Thursday, April 29, 2010

Movie Review: Ajami عجمي



Ajami is an 2010 Oscar nominated Foreign Film. The Movie is directed by an Arab Israeli and an Israeli Directors. The movie was representing Israel at the Academy Awards and that was on the reasons I didn't wish it will win.... I know what some of you might think. But yes! I don't recognize Israel. And no! I'm not an anti-Semite. The other reason I didn't wish it to win is that I was rooting for the movie that actually won [El Secreto De Sus Ojos] and I do believe it deserved the winning.

Ajami is the name of a neighborhood in Jaffa where Muslim and Christian Palestinians live. The movie traces down the lives of several people living there including a storyline about a Jewish family who lost their son in  ambiguous circumstances.

The movie is one of the best I've seen this year. It is emotionally intense and keeps your heart beating quickly all through the way.
The directing of the movie is amazing. The angles that the camera were moving in is superb with the variation between intimate close ups and drowsy landscapes. 
The sounds in the movie played a vital role in creating the environment and the feeling of the story.
Music when played were an integral part of the scene creating an invisible character rather than an add-on effect.
The movie consists of several chapters.  Each chapter reveal one part of the storyline. But then repetitions of certain events happen,  though in each chapter it is shown from a different perspective and through the lives of different people. Part of the enchantment of this movie is realizing how the world is a small place and how the lives of strangers are still connected on different levels. And how at the end of the day the lives of strangers around us are the lives of ourselves too.
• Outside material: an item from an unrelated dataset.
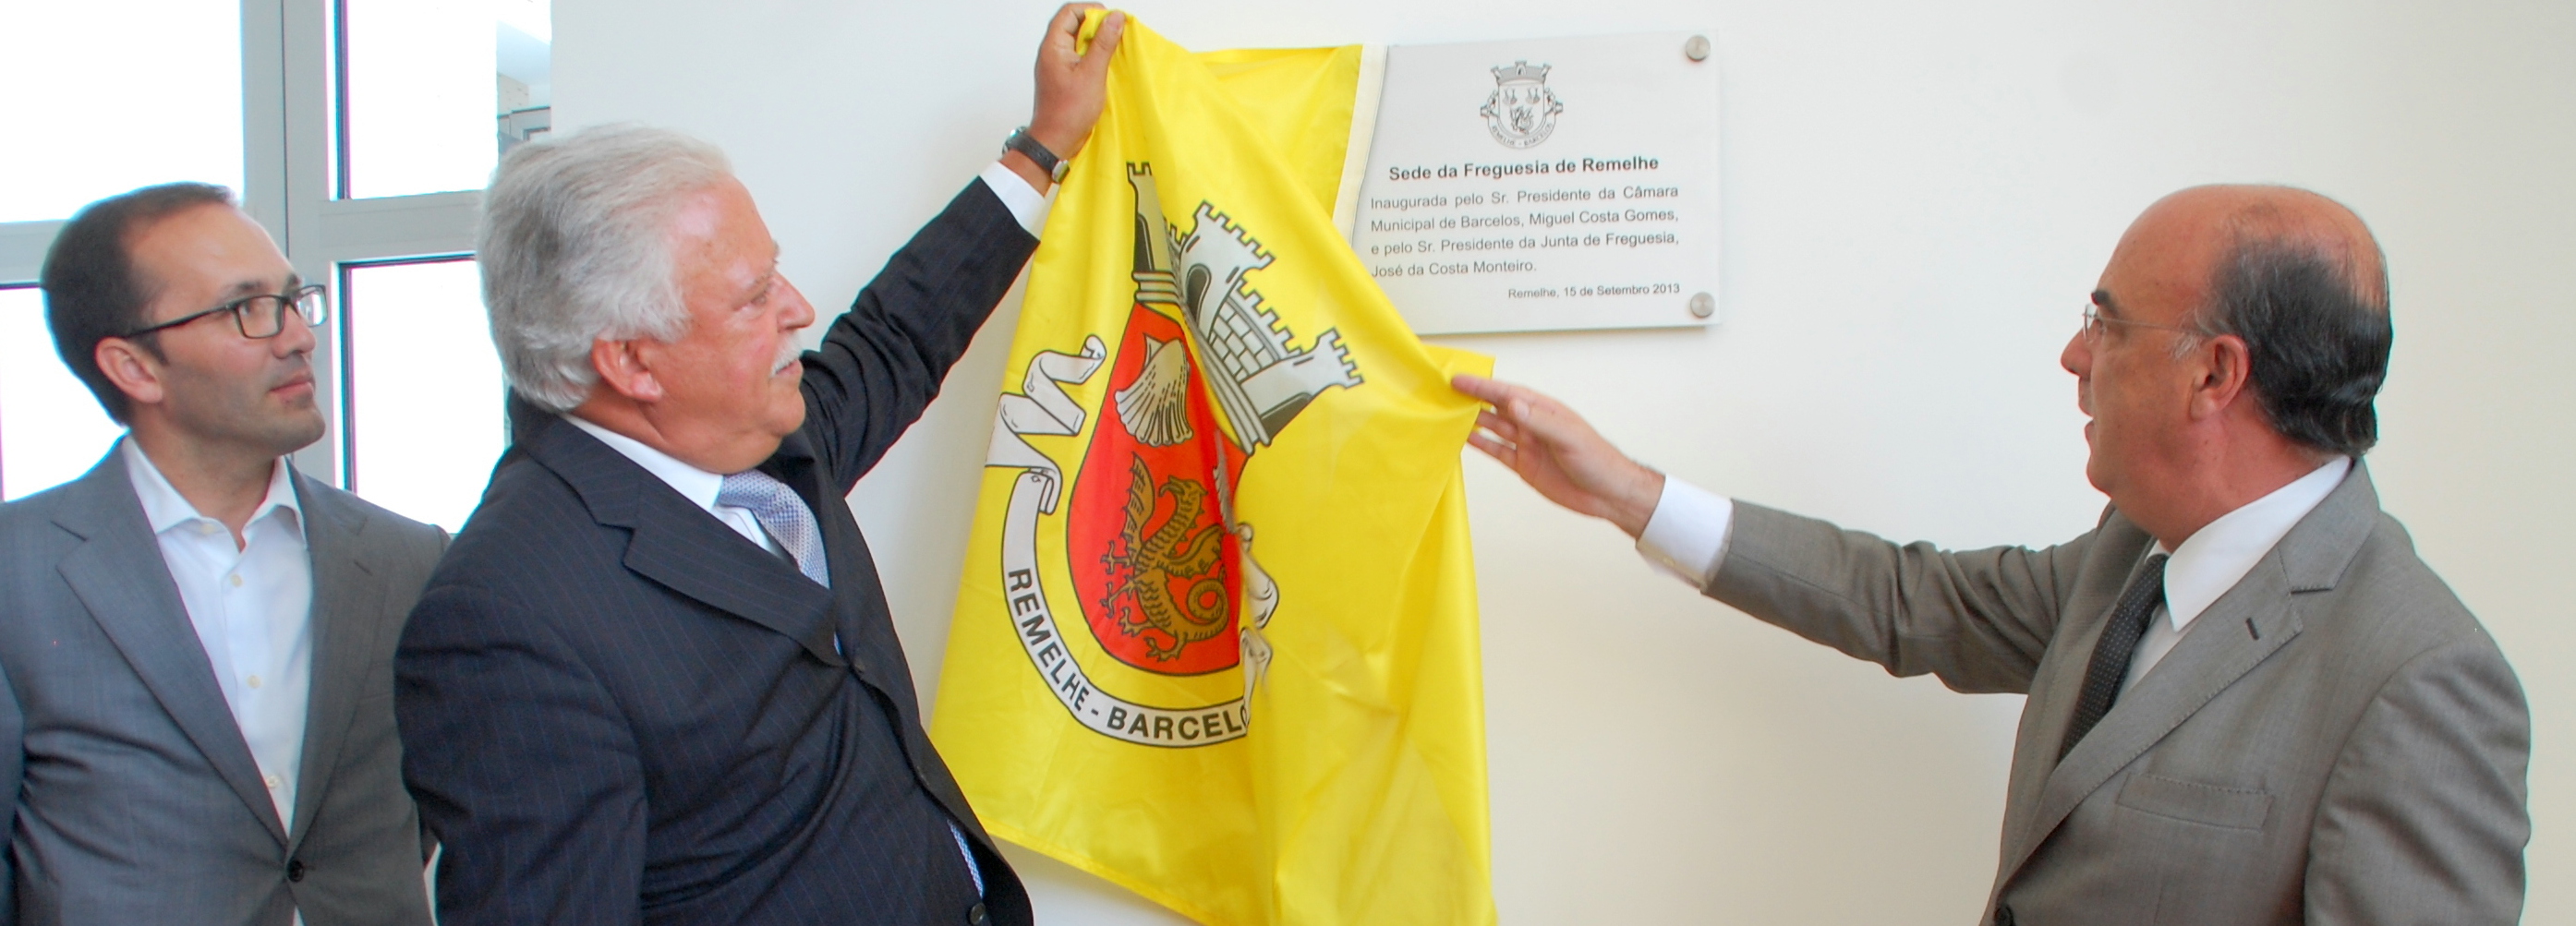 Presidente da Câmara inaugurou nova sede da Freguesia de Remelhe

Another important element of this movie is the fact that most of the actors and actresses in this movie are normal people with no experience in acting what so ever. This fact gave the movie a more realistic feeling and at some points you might think it is a documentary and not a fiction.

There are parts of the storyline that I didn't like as a Palestinian myself. But from an artistic point of view away from my direct emotional attachments this movie is a great one!

One of the things that usually draw me to any movie is how human it is... this movie is very humane... dealing with human feelings of family bonds, motherhood, brotherhood and love. These feelings are recurring events in the lives of the different characters. This as well shock you as to how our lives are still similar.
On of the feelings being portrayed was the feeling of sudden shock of sadness.

== Spoiler Alert ==

This happened first for a Jewish policeman who was looking for his missing brother. When the army found the body of his brother he ran to see it. Of course the Israeli soldiers tried to stop him from approaching the discovery scene and then you see a fight between a man desperate to see his lost brother and the army who needs to keep everything in order.
Later on the movie a Palestinian guy is notified that his best friend was found dead in his apartment. The same way, he runs to his friend's place just to see him and maybe understand how come his friend is dead. But again a fight between him and the Israeli Police happens where they try to stop him and he on the other hand fight to get to the crime scene.  The sad part is, not only he was kept away from his friend's body but was then sent to jail for assaulting the police.

== End of Spoiler ==

The last scene of the movie is a masterpiece.  Sounds were the master of that scene. The shock you'll get is something that you'll have to carry with you for a while... until you'll be able to understand how can life go on for the people in the movie after that. And in a deeper sense to yourself too.

All in all [Ajami] is a movie I would surely recommend for anyone to see... a masterpiece by two young directors.